Другие иностранные резиденты тоже извещали свои дворцы, что и представить себе невозможно тех интриг, которыми занимаются русские придворные. Все эти известия были совершенно справедливы: блестящий мирок, окружавший Петра II, дошел до какого‑то бешенства. При дворе поднимались безумные сатурналии и в них мотались, прыгали, вертелись всякие люди: старые и молодые, мужчины и женщины. Каждый заботился только о сегодняшнем дне, старался единственно о том, чтобы извлечь как можно больше выгод для себя; о настоятельных нуждах государства, о бедах, грозивших империи, о событиях политических никто и не думал. Турки подступили к границам России, Киев находился в опасности; шведы того и гляди соединятся с турками; англичане готовят свои козни — но никому до этого нет никакого дела. Внутри Империи тоже всякие безурядицы: народ недоволен, все жалуются, все находят, что никогда не бывало таких беспорядков — точно вернулось смутное время самозванщины, а сановникам русским, людям, держащим кормило правления, не до высших вопросов: как бы только повеселиться, удержаться в милости царской — вот о чем они думают. Один барон Андрей Иванович, как вол, работает, старается уладить и то и другое. Много у него силы, крепкая, светлая голова на плечах держится, но ему не совладать с»недостроенной, развинтившейся машиной». Руки у него опускаются, и по временам общая сатурналия и его захватывает, и он мечется, вертится и прыгает вслед за другими, ведет интриги: о своей голове заботится. Повалили колосса петровского, светлейшего Меншикова, думали, дело сделали, думали, все вздохнут свободнее, все пойдет без него, как по маслу, ан не то вышло! И хоть из негодного материала был создан колосс этот, но все же вложена была в него какая‑то могучая, истинная сила, и крепко держал он этой силой на глазах его выстроенную машину. Все, что было в нем человеческого, заветного, все поднималось, когда думал он о машине, она была дорога ему.

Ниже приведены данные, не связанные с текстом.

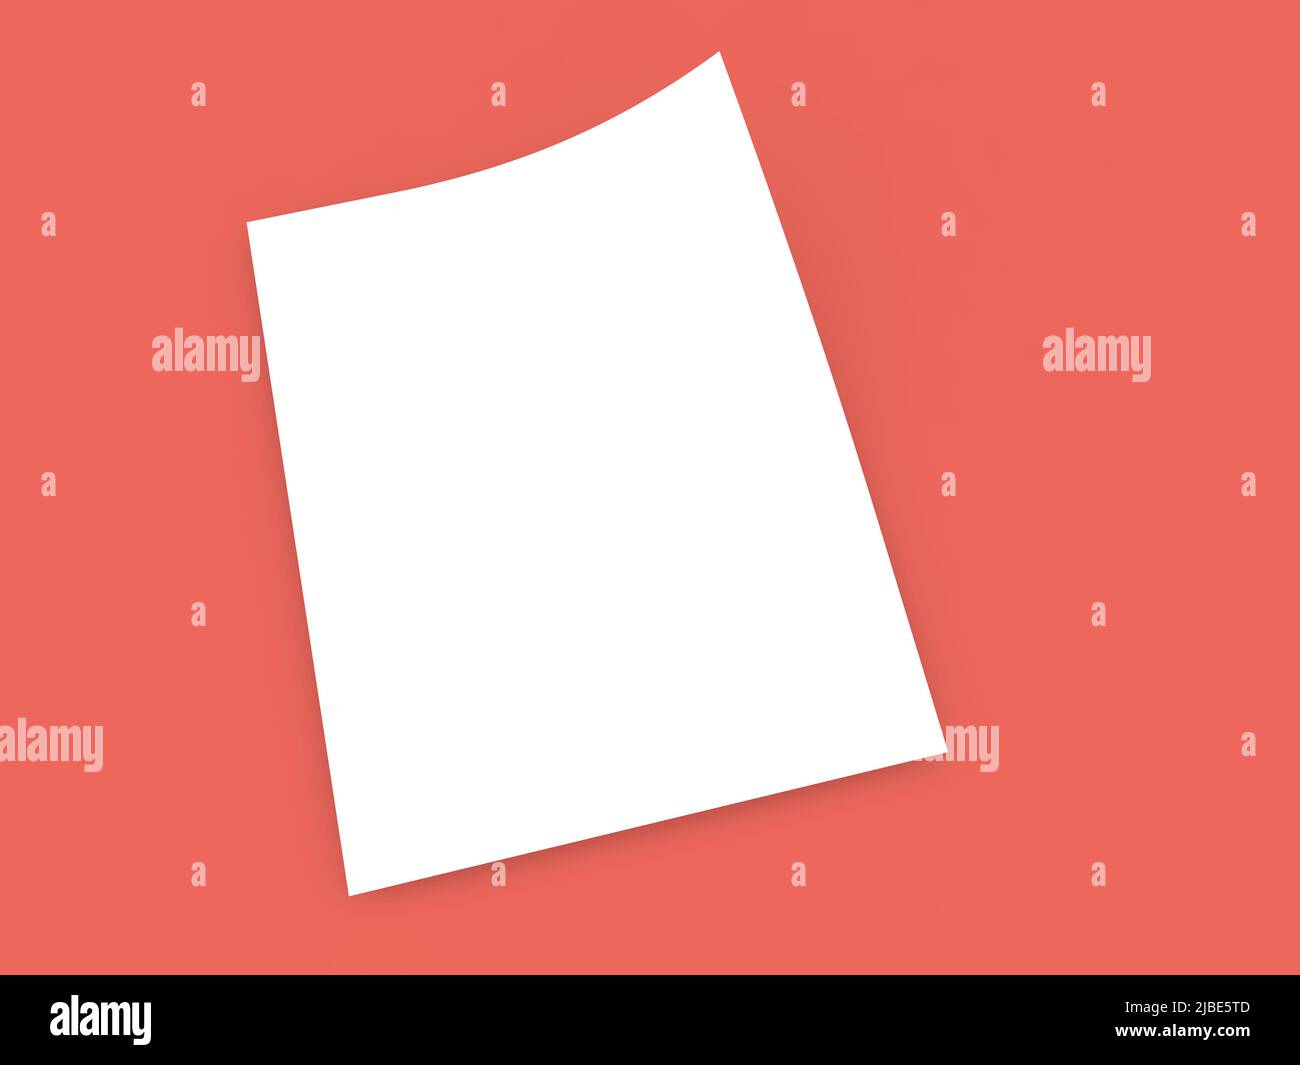 Sheet of white paper A4 for office on a red background. 3d render illustration. Stock Photo
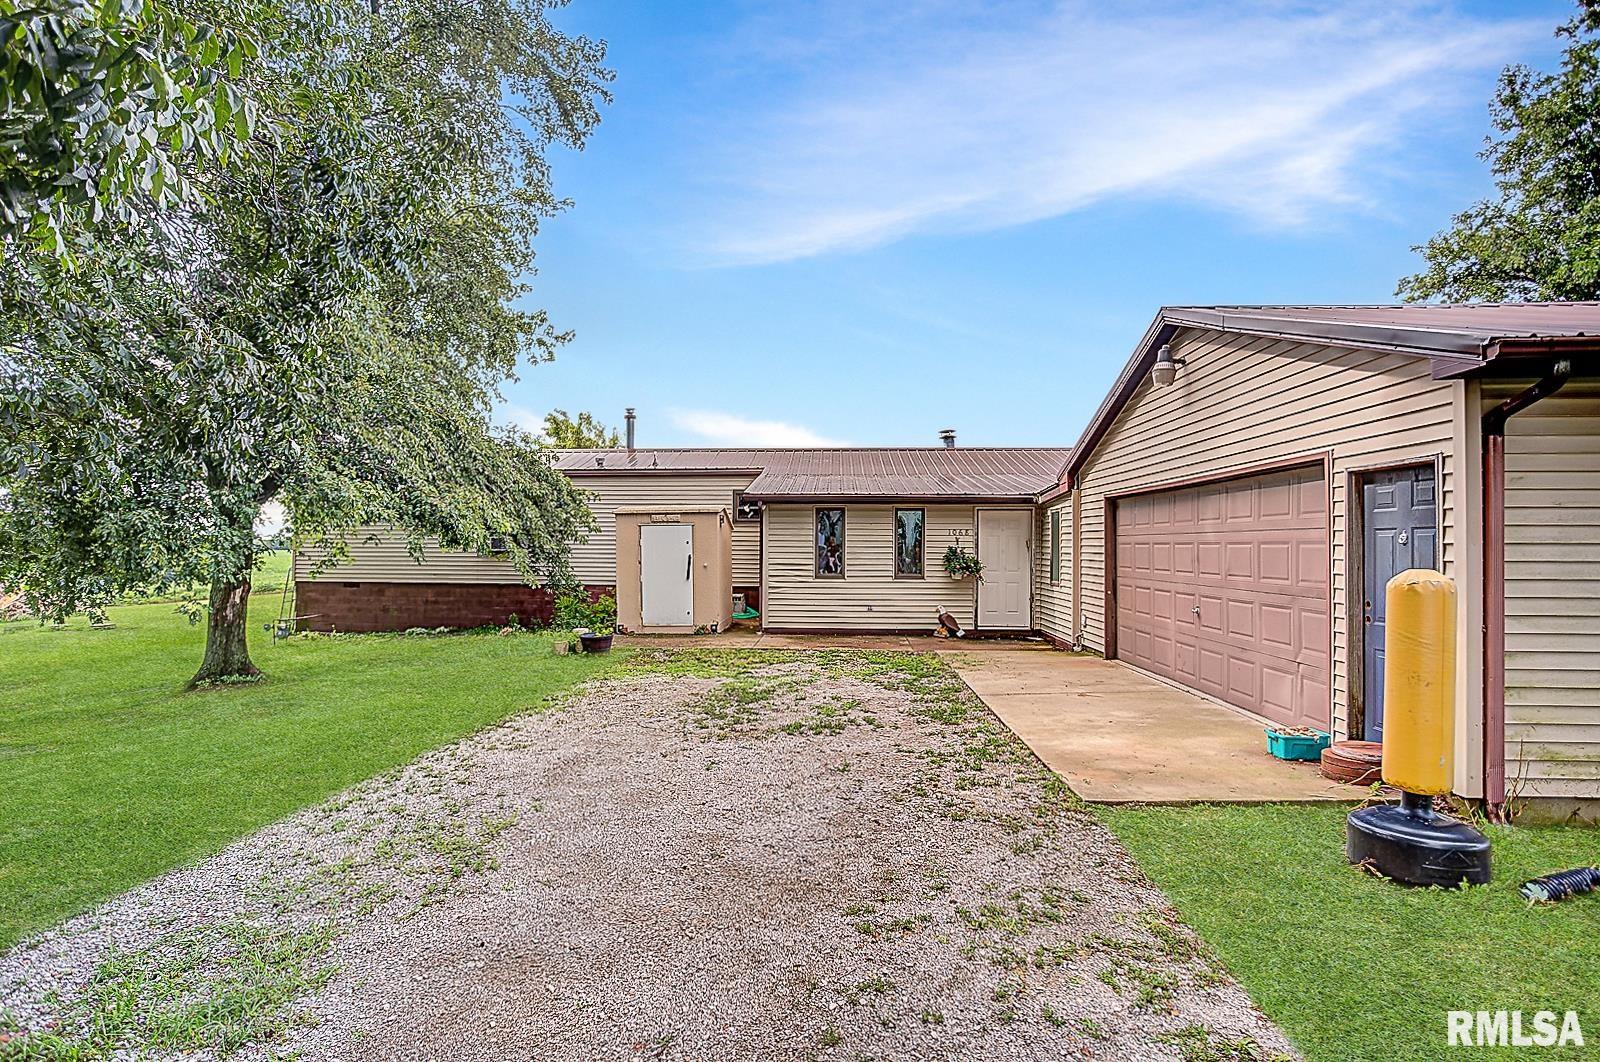 1068 Stacey, Richview, Illinois 62877, ,2 BathroomsBathrooms,Residential,Stacey,EB450209

Но, конечно, никому и в голову не приходила возможность снова вернуть Меншикова, напротив, судьба его окончательно решилась; милостивое сначала решение императора было изменено, как мы уже видели. Время от времени всплывали на поверхность старые грехи Александра Даниловича и раздражали Петра. Вон нашли у Спасских ворот подметное письмо в пользу Меншикова; вон из военной и других коллегий и канцелярий подают доношения, что светлейший взял из казны деньги и материалы, и требуют теперь возвращения взятого из его пожитков. Нельзя же все это так оставить. Меншикова сослали в Сибирь, в Березов, отобрали у него все, и положили ему с семейством по шести рублей в день кормовых денег. Сестру княгини Дарьи Михайловны, Варвару Арсеньеву, женщину хитрую и пронырливую, оставившую по себе дурную память, постригли в Сорском монастыре и дали ей полполтины в день. Сам князь Александр Данилыч, разбитый вконец, пораженный горем, еле волочил ноги. Про него рассказывали, что он, наконец, смирился, что молится Богу, несет черную работу и с каждым днем слабеет. Если б знал он да ведал о том, что творится в его отсутствие, о том, какой позор готовят алчные придворные России, если б знал он, что старые вельможи из всех сил стараются задержать императора в Москве, не пустить его в Петербург, заставить его позабыть дедовский город, от одного этого известия умер бы Александр Данилыч. Но к нему не доходили никакие известия…

Москва совсем пришлась по нраву императору, и с каждым днем Петербург казался все скучнее и скучнее. Остерман был в полном отчаянии, не знал что и придумать, чем убедить Долгоруких отказаться от их плана. Подружился он с Алексеем Григорьевичем, да рассорился с фаворитом, а в фаворите, покуда, вся сила.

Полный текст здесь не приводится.